*What is needed:* Down to the last line, repeat the entries exactly and drop any image.

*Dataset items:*
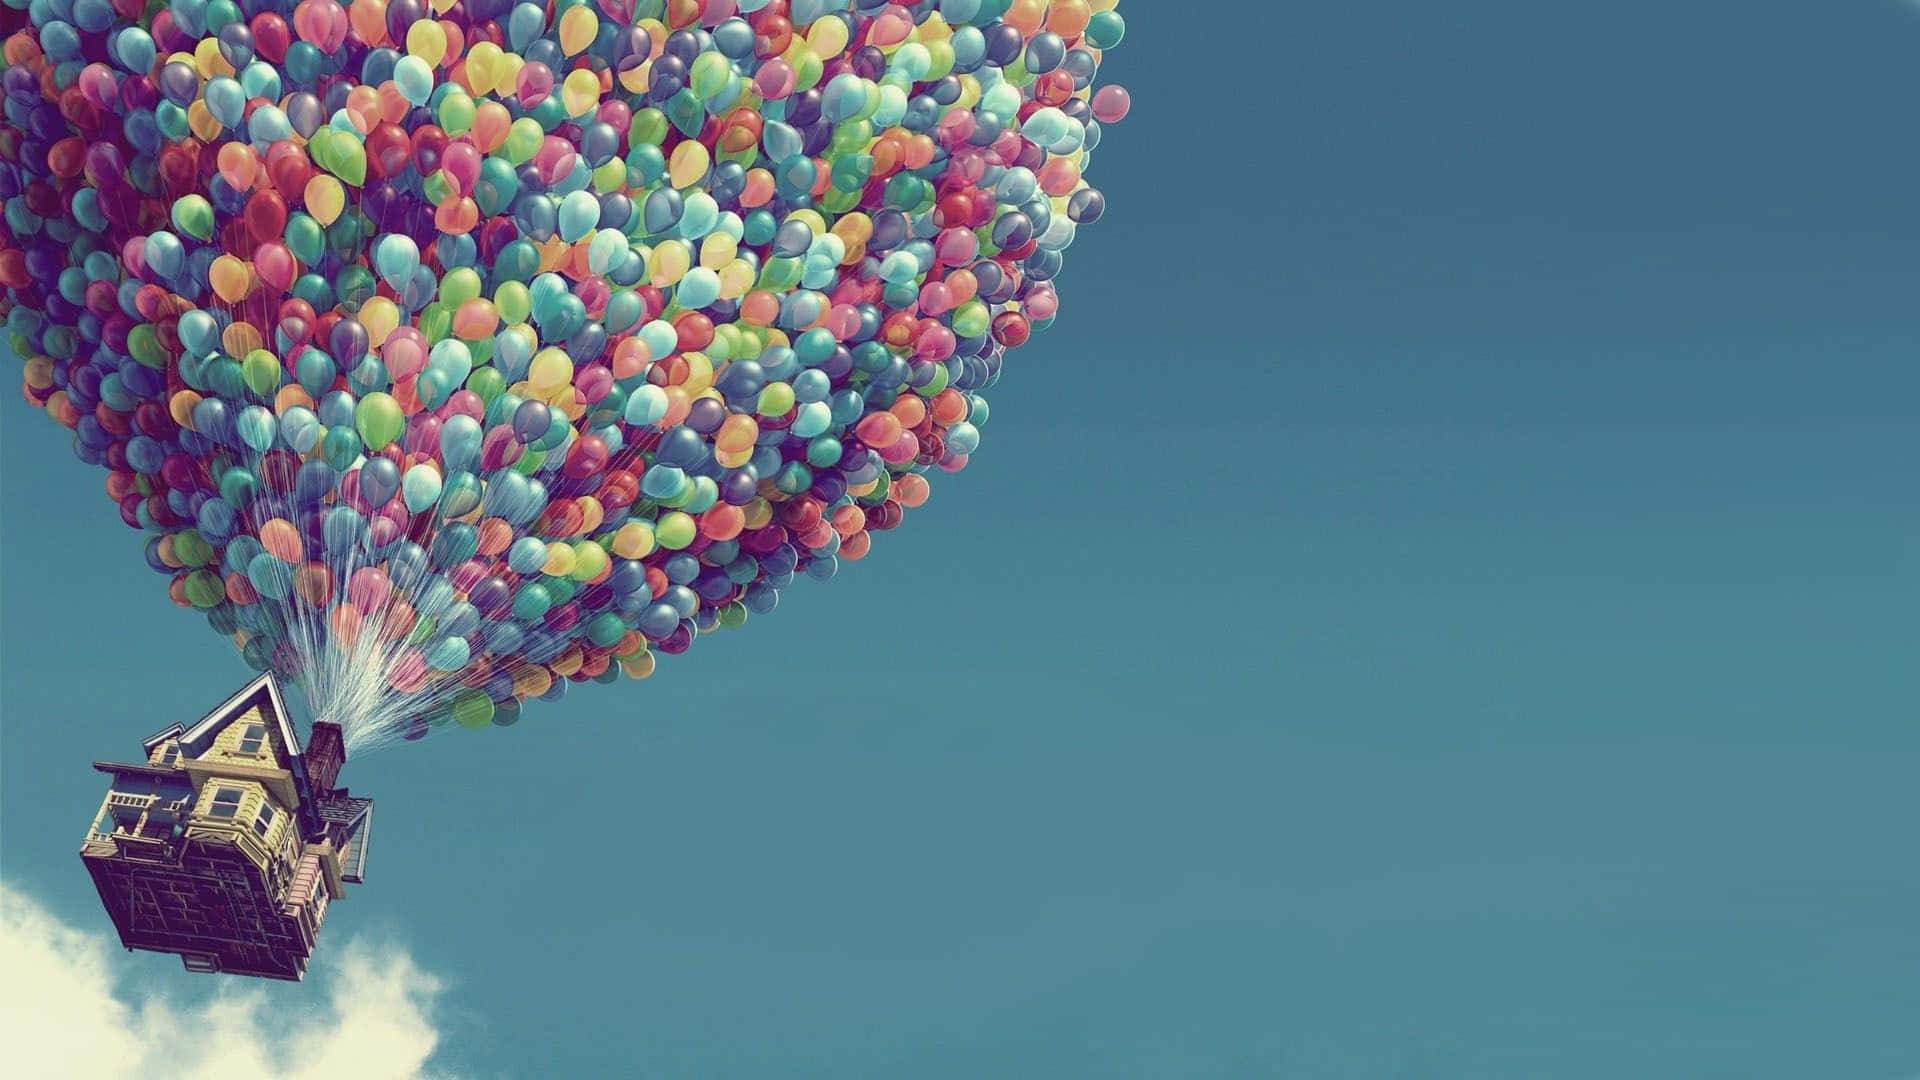 A House With Balloons Flying In The Sky Background
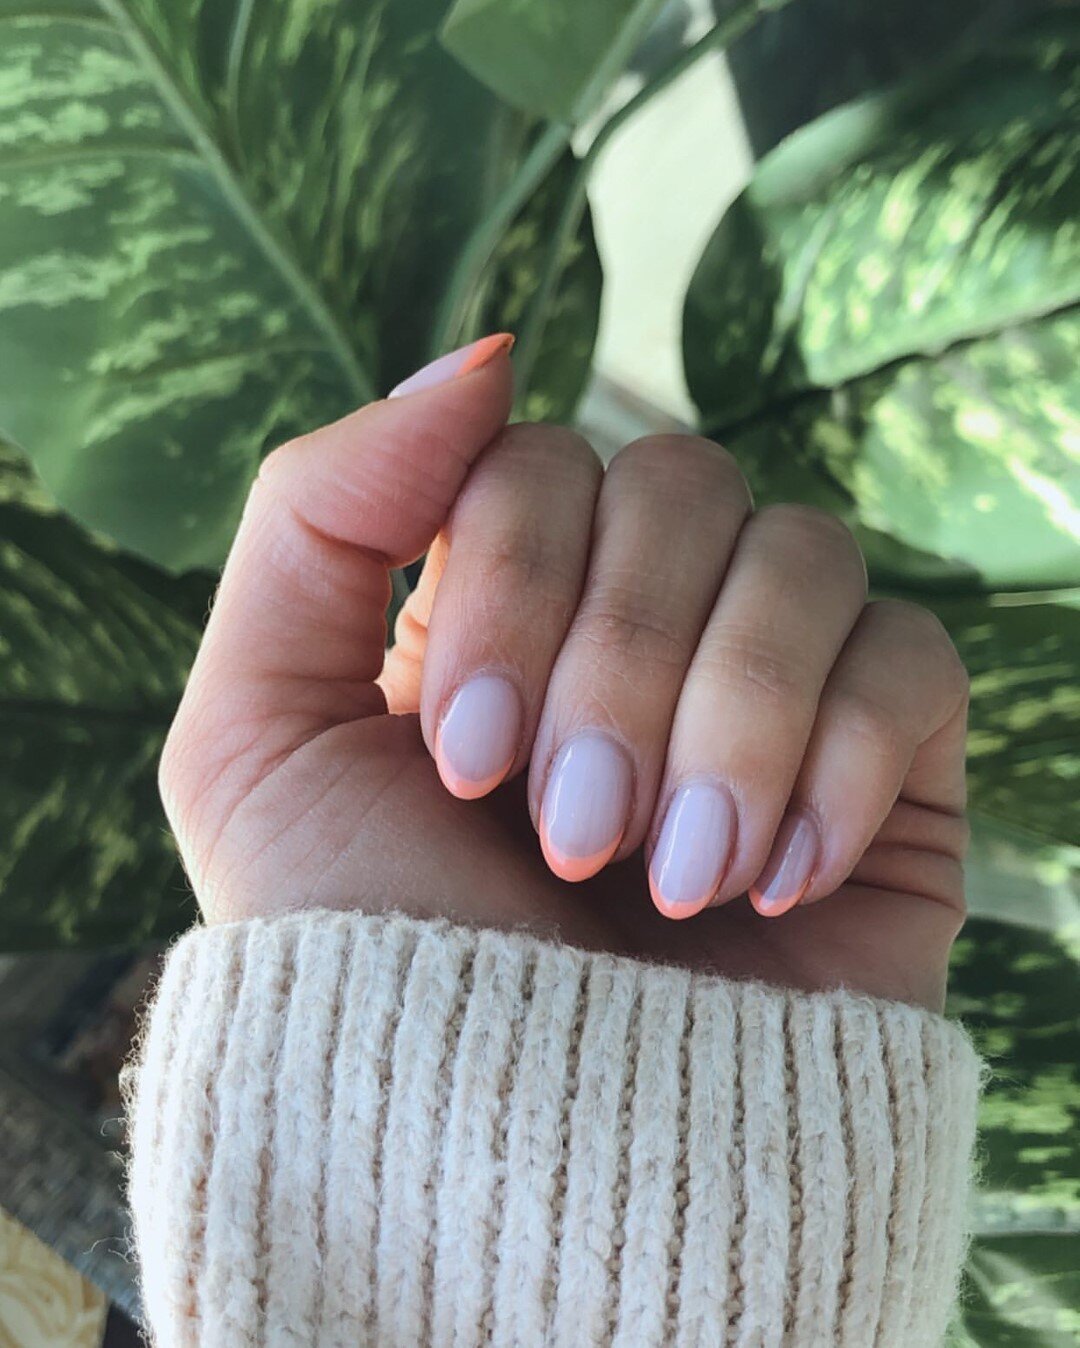 good nails complete the outfit⠀⠀⠀⠀⠀⠀⠀⠀⠀
*⠀⠀⠀⠀⠀⠀⠀⠀⠀
*⠀⠀⠀⠀⠀⠀⠀⠀⠀
//@lizlems⠀⠀⠀⠀⠀⠀⠀⠀⠀
#fall #autumn #tips #neonnails #shellac #manicure #pedicure #nailsofinstagram #nails #nailsoftheday #verygoodnail #nailsonfleek #nailart #trendynails #kukohouse #nailfe

*Result:*
 A House With Balloons Flying In The Sky Background
 good nails complete the outfit⠀⠀⠀⠀⠀⠀⠀⠀⠀
*⠀⠀⠀⠀⠀⠀⠀⠀⠀
*⠀⠀⠀⠀⠀⠀⠀⠀⠀
//@lizlems⠀⠀⠀⠀⠀⠀⠀⠀⠀
#fall #autumn #tips #neonnails #shellac #manicure #pedicure #nailsofinstagram #nails #nailsoftheday #verygoodnail #nailsonfleek #nailart #trendynails #kukohouse #nailfe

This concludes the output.